§ Task item
Copy nothing but the lines below running from the line containing "Schmuck Krone Silberring" through the line containing "Opera House with", both end lines included.

§ Provided records
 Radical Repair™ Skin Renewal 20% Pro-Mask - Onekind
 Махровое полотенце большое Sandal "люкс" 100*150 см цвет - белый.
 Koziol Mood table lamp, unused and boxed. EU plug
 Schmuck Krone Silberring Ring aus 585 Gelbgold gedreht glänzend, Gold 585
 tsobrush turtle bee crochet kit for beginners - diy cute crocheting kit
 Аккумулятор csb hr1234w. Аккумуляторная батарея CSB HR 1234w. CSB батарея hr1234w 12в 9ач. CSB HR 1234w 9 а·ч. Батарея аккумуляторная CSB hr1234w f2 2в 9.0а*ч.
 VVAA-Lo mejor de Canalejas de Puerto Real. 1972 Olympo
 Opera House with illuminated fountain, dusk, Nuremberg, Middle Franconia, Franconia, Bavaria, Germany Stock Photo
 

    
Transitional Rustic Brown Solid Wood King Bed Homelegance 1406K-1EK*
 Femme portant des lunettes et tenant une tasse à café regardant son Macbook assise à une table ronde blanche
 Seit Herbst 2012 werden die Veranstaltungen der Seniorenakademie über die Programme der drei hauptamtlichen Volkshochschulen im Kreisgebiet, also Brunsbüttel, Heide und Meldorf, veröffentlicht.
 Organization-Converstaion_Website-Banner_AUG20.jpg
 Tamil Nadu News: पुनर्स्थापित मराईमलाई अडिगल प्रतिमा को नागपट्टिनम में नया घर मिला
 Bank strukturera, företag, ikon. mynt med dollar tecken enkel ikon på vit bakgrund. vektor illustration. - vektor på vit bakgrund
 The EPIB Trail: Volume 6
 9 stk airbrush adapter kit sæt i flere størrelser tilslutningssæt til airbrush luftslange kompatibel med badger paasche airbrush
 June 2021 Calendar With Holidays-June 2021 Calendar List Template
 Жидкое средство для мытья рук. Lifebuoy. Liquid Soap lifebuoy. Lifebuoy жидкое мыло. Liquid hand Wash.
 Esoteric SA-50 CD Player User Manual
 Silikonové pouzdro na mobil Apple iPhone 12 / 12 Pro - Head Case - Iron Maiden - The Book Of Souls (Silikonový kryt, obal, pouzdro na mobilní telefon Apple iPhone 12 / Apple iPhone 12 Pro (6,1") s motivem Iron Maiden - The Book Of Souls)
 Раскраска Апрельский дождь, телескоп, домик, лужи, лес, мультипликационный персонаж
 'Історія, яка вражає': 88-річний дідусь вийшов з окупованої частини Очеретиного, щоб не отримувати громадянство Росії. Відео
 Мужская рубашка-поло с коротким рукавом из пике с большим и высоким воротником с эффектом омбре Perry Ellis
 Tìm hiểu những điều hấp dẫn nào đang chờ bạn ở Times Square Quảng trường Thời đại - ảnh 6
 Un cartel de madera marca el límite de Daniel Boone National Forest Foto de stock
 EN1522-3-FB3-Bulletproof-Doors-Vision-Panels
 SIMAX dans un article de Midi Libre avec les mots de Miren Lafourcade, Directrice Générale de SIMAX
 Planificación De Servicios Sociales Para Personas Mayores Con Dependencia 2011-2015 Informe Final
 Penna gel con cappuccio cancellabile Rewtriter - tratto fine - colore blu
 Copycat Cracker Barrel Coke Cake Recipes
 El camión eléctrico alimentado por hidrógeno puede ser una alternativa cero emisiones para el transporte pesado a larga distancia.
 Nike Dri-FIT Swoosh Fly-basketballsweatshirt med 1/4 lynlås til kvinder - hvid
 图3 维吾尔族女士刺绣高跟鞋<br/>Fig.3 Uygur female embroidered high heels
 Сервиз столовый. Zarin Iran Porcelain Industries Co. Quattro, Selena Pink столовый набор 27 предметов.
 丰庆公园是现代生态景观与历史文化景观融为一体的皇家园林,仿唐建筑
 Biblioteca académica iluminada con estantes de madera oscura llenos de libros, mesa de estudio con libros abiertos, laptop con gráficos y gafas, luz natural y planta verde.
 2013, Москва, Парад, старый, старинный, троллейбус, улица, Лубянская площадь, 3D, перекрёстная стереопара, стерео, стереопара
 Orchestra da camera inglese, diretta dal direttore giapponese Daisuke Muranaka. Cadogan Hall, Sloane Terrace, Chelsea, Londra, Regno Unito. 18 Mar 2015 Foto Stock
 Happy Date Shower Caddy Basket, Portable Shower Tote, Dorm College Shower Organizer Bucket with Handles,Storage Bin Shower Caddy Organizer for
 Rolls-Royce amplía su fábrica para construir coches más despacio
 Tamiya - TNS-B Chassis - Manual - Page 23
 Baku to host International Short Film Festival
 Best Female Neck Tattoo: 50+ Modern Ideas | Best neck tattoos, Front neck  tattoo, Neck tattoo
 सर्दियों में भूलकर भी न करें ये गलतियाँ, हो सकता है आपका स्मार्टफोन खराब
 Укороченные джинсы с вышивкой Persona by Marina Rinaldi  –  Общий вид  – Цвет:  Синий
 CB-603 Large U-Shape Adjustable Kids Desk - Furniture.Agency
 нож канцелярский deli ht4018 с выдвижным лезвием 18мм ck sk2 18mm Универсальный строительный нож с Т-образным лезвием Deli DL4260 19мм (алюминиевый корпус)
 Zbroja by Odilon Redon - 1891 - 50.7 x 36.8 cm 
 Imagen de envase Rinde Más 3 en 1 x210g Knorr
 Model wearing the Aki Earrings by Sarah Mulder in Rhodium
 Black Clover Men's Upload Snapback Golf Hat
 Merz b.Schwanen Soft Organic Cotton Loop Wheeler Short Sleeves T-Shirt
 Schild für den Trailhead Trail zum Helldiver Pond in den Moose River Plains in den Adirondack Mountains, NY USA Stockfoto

§ Response
 Schmuck Krone Silberring Ring aus 585 Gelbgold gedreht glänzend, Gold 585
 tsobrush turtle bee crochet kit for beginners - diy cute crocheting kit
 Аккумулятор csb hr1234w. Аккумуляторная батарея CSB HR 1234w. CSB батарея hr1234w 12в 9ач. CSB HR 1234w 9 а·ч. Батарея аккумуляторная CSB hr1234w f2 2в 9.0а*ч.
 VVAA-Lo mejor de Canalejas de Puerto Real. 1972 Olympo
 Opera House with illuminated fountain, dusk, Nuremberg, Middle Franconia, Franconia, Bavaria, Germany Stock Photo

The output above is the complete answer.